Different actual weight but same swing weight. The opposite behavior can be demonstrated with a 27-oz Miken Ultra and a 30-oz Miken Ultra II. When dangled from my fingers the 30-oz Ultra II definitely feels heavier, as it should since it weighs 3 ounces more. However, when I take practice swings with both bats I can't tell the difference between them. They both feel the same when I swing them.

How is it possible that two bats with the same actual weight feel like they are 8 ounces different when they are swung? How is it that two bats which differ in weight by 3 ounces could feel the same when swung? The answer to both questions has to do with the distribution of mass in each bat. In the language of physics, I'm talking about the moment-of-inertia which depends on both the total weight and the balance point, or center of gravity. In the language of sports equipment I'm talking about swing weight.
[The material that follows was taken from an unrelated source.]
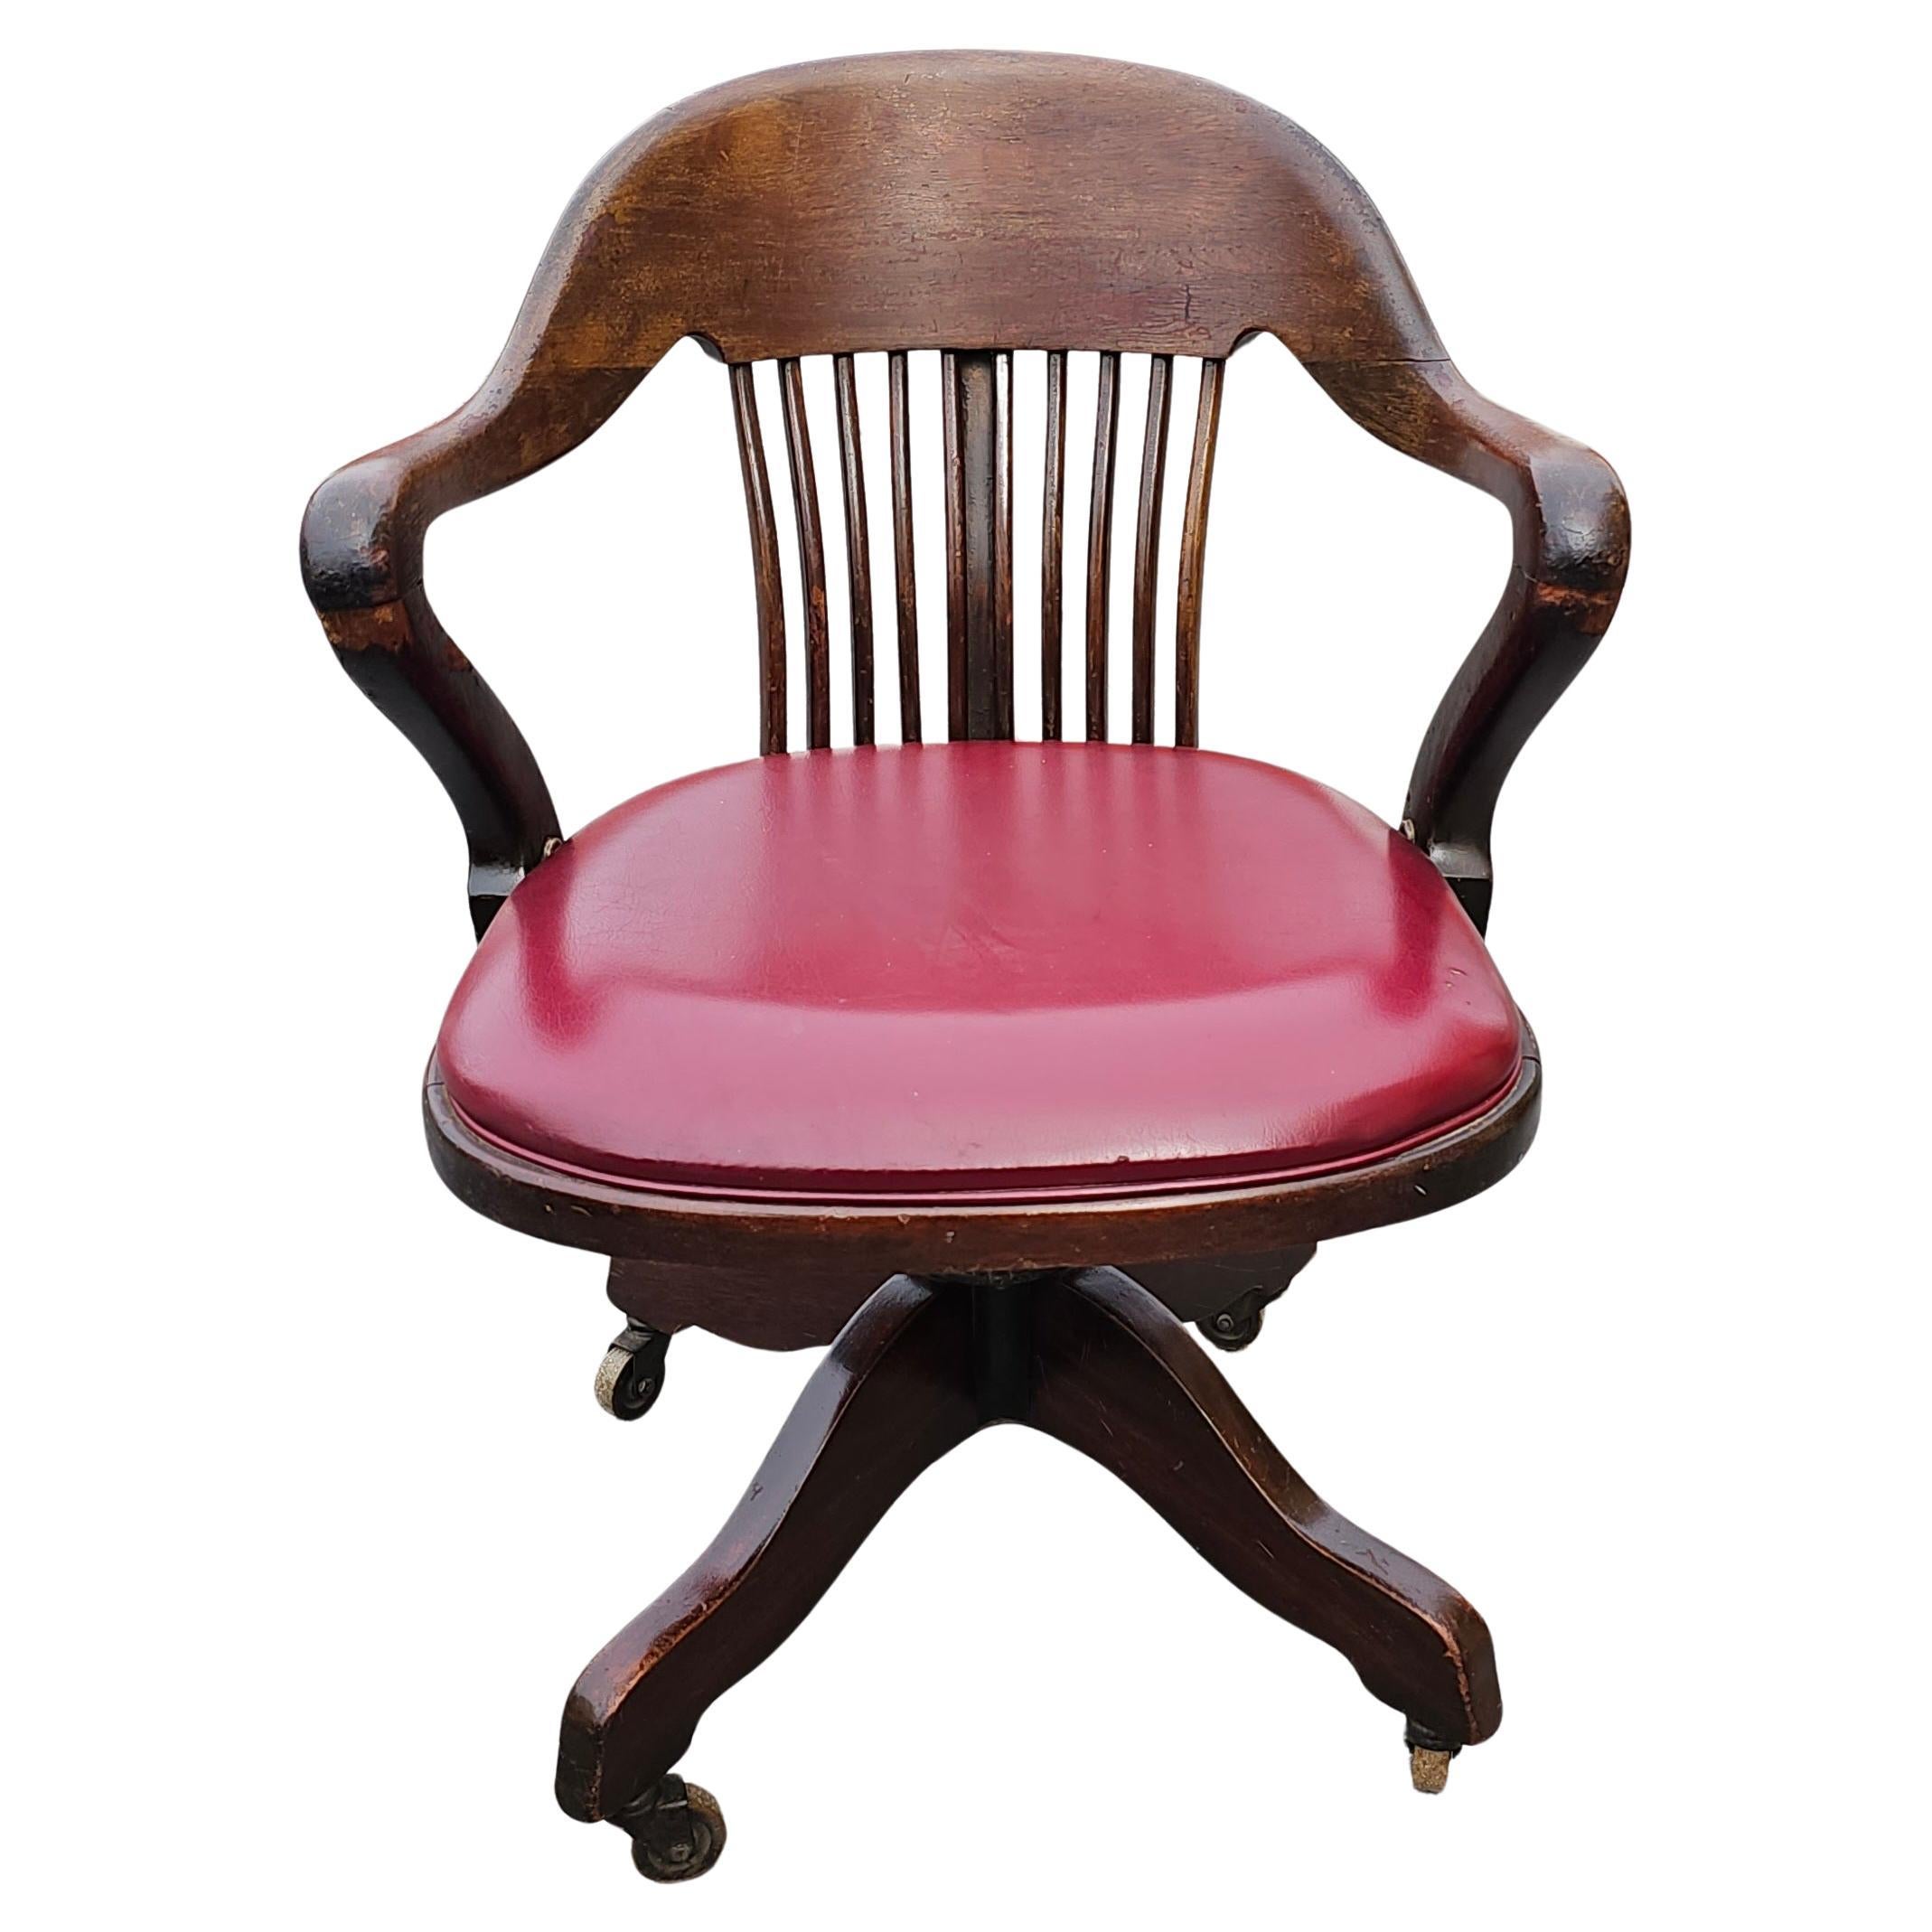 Chaise de banquier du début du 20e siècle en chêne et assise tapissée de vinyle, à roulettes, basculante et pivotante. Mesure 23,5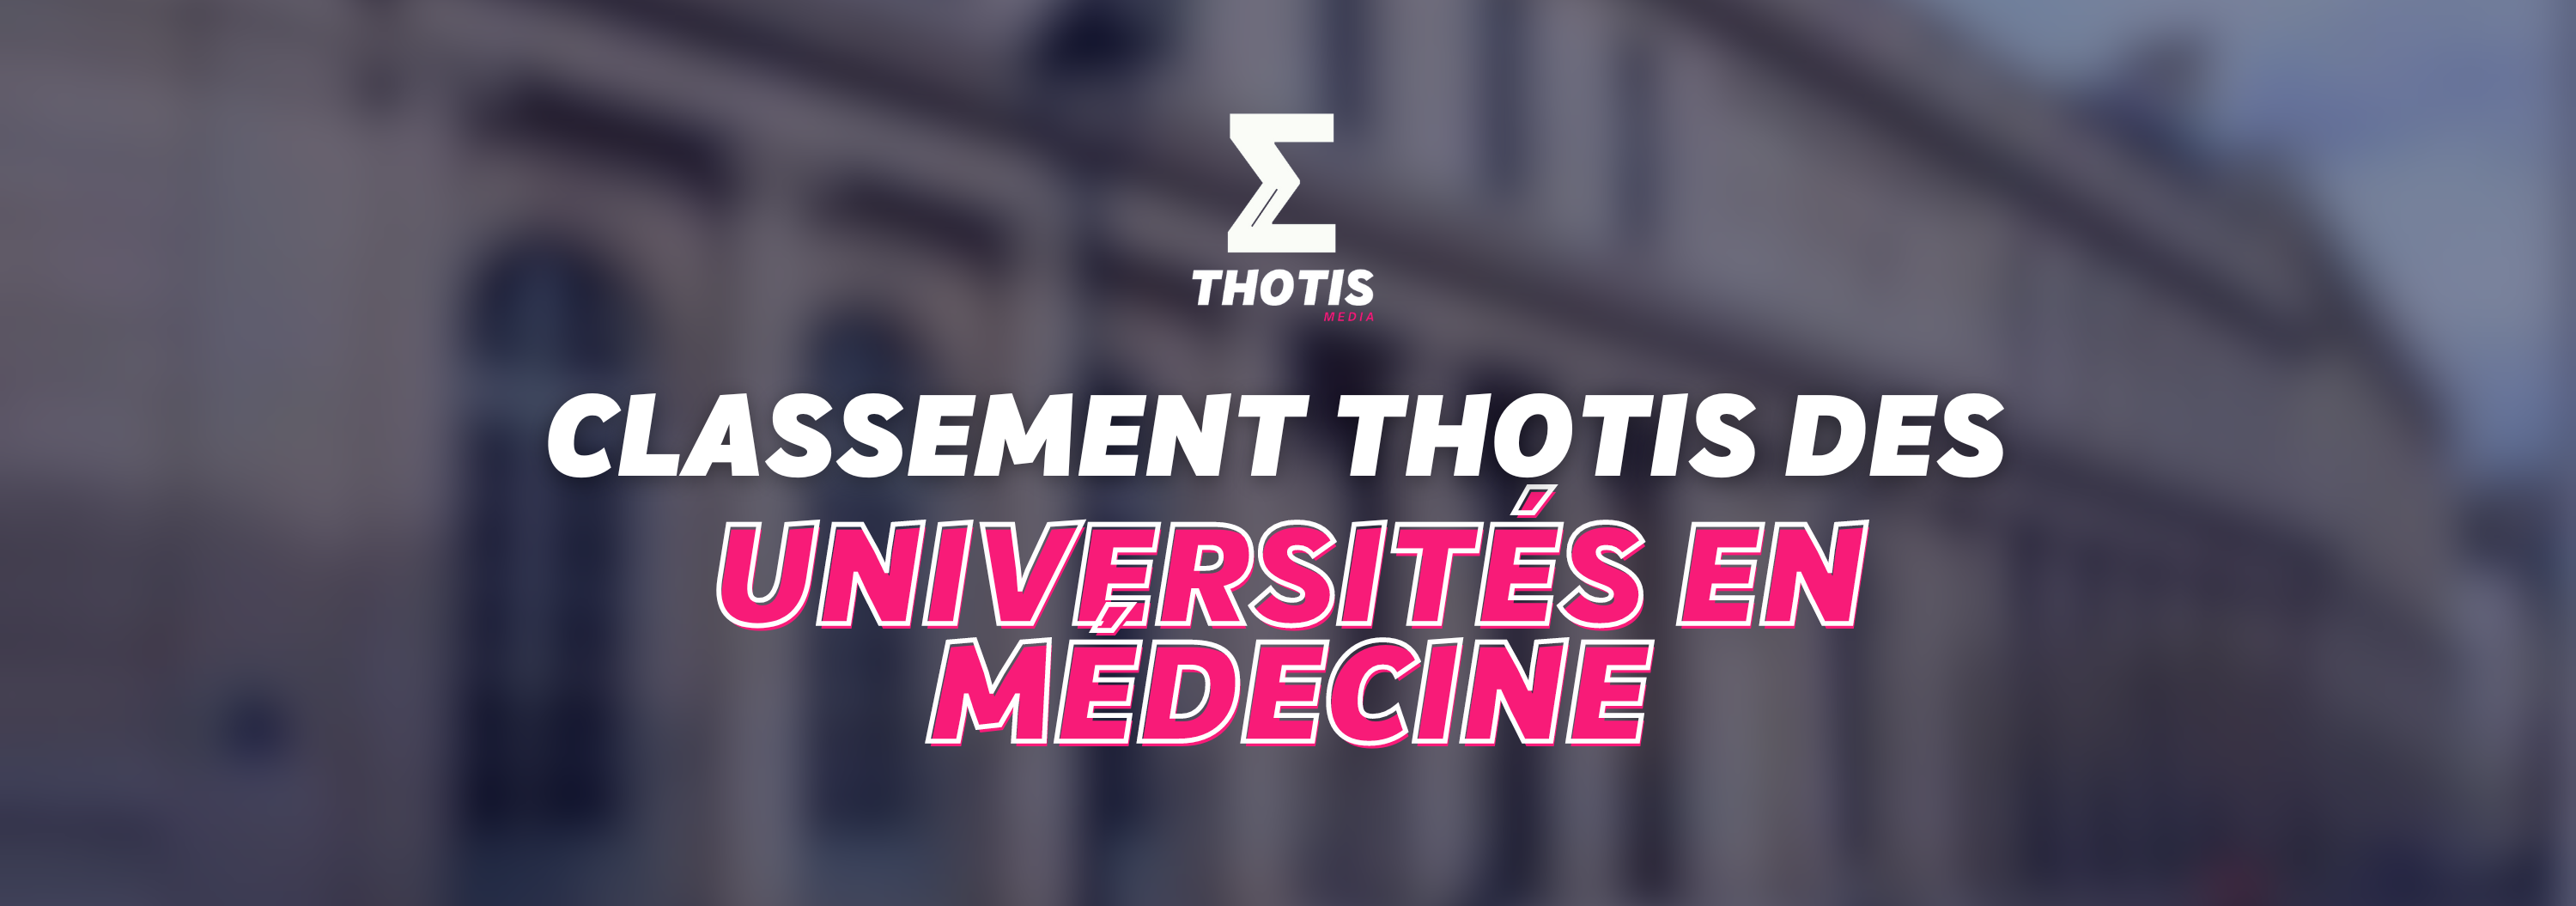 Classement Thotis des Universités en Médecine

The Bat as a Rotating Object

To understand the importance of the rotational properties of a bat and to help illustrate why the swing weight of the bat might be important, let's take a look at the motion of the bat during a typical swing. The movie shown at right was extracted from a longer clip of a college player hitting a slow-pitch softball.^[2,3] I should note that in this overhead camera view the swing is reduced to a 2-dimensional motion, in which the bat appears to move in a plane parallel to the ground. This is almost never the case - at the point of impact for most ball-bat collisions (especially in slow-pitch softball), the ball is usually moving downwards while the bat is moving upwards during the swing. However, the overhead viewpoint is sufficient for the purpose of discussing the fundamental aspects of swinging a bat and the primary effects of mass and inertia on the bat swing speed. The overhead view also clearly illustrates that any discussion of how heavy a bat feels while swinging it must include an an analysis of the rotation of the bat during the swing. The key issue is the rotation of the bat, and there are two rotational aspects which come into play. The first is the rotation of the arms and bat together (comprising a single arm-bat system) about a pivot point between the shoulders. The second is the rotation of the bat itself about a pivot point in the wrists

I will freely admit that I am not at all an expert on swing mechanics, and I am aware that the "perfect" swing for fast-pitch baseball is quite different than it would be for slow-pitch softball. However, looking at this movie (and assuming this player is not exhibiting some horrendously bad habits) it would appear that the bat undergoes three distinct phases of motion, and that the relative importance of the rotation about the body ω_body and the rotation about the wrists ω_wrists is different for each of the three phases of the swing. [Figure at left adapted from Watts & Bahill.^[4]]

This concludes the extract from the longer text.